Увы, все это были только мечты.
Следующее разочарование преподнес разговор с каптенармусом. Ни денег, ни еды друзья от него не получили. Продолжая мусолить амбарную книгу, Цаво сообщил, что имеет приказ первым делом направить разведчиков к Мвимба-Хонго. Дескать, командарм сам решит вопрос об их вознаграждении.
Ирвин в запале попробовал качнуть права, да только ни черта из этого не получилось. Цаво сварливо поинтересовался, понятна ли рядовому Чьянгугу разница между испорченной и свежей тушенкой? А между "заберите ваши денежки, рядовой Чьянгугу" и "выдача жалования прекращена до утра"? Если понятна, то какого Насра рядовой Чьянгугу выступает? Лучше бы брал пример с ефрейтора Онибабо, который терпеливо и без суеты ждет своей очереди. И, стало быть, получит все, что ему причитается.
– Подходи, Онибабо! – приветливо поманил его капрал.
Тот, однако, гордо отказался как от консервов, так и от метикалов.
– Не сейчас. Вот увидишь, после моего доклада великому командарму тебе придется выдать мне капральское жалование, – проорал ефрейтор. – А то и офицерское!
Цаво с доброй улыбкой покрутил пальцем у виска. Видимо, на веку каптенармуса еще не было случая, чтоб кому-то вручали лишние деньги. Квакваса тут же подобострастно захихикал и повалился с корточек на задницу. От радости он даже принялся стучать ладошкой по полу. Впрочем, заткнулся исключительно быстро. Проходя мимо весельчака, Вадим ненароком наступил ему на запястье. Тут же выяснилось, что титановая пластина в подошве армейского ботинка плюс девяносто килограммов живого мяса – превосходное сочетание для кастрации фальшивого веселья. Да и натурального, пожалуй.
Квакваса злобно заверещал, Ирвин загоготал, Цаво принялся ругаться в адрес всех троих. Только Онибабо было все равно – он грезил о повышении звания.
При входе в "штаб" торчал один из личных охранников Шамана.
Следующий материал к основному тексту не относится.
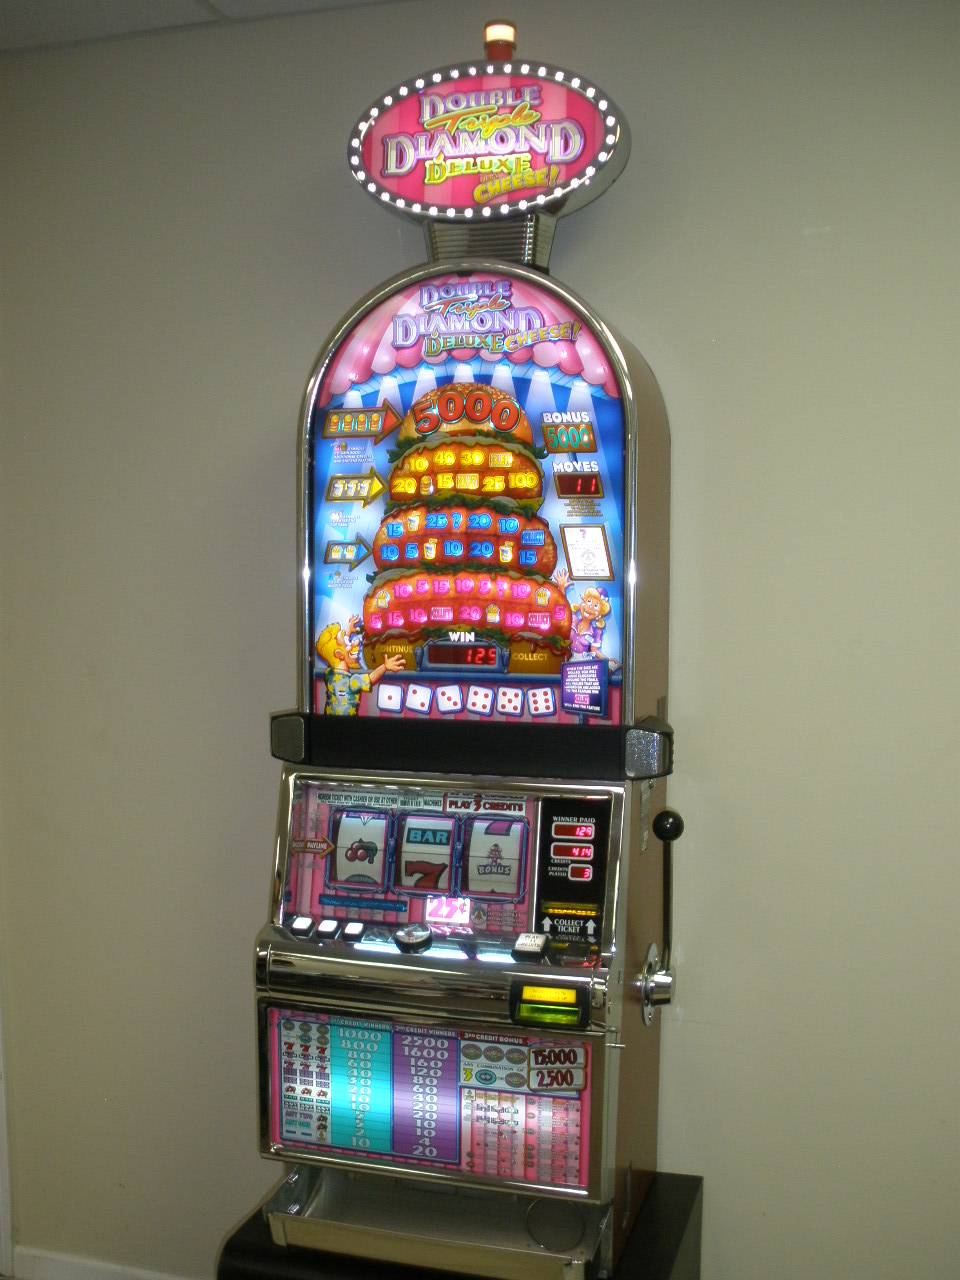 IGT TRIPLE DOUBLE DIAMOND DELUXE WITH CHEESE BARCREST S2000 SLOT

Головка у часового была маленькая, тело же крупное, а физиономия такая страшная, что малым детям и беременным женщинам лучше не показывать. Помаргивая пустенькими глазками, громила деловито и без церемоний обыскал диверсантов. Реквизировал оба ножа, автомат у Ирвина и лишь после этого разрешил предстать перед командармом.
С Онибабо номер "а ну-ка обыщи" не прошел. Ефрейтор сравнительно легко расстался с затычками в ушах, но из-за пистолета так развопился, что на шум выскочил полковник Забзугу. Бросив полный ненависти взгляд на диверсантов, он приступил к улаживанию конфликта. После переговоров пистолет было разрешено оставить.
– Все равно не заряжен, – успокоил телохранителя начальник штаба.
– Fucked again... – простонали диверсанты в голос. – Опять нас поимели...
Обстановка за ширмой оставалась прежней. Духота, насекомые. Запахи пота, ваксы и плохого одеколона. Помост для Мвимба-Хонго, раскладушки для полковника Забзугу и телохранителей, походные стульчики. Громоздкий железный стол с развернутой картой Малелы. Поверх карты – оружие и тарелки, полные засохших объедков.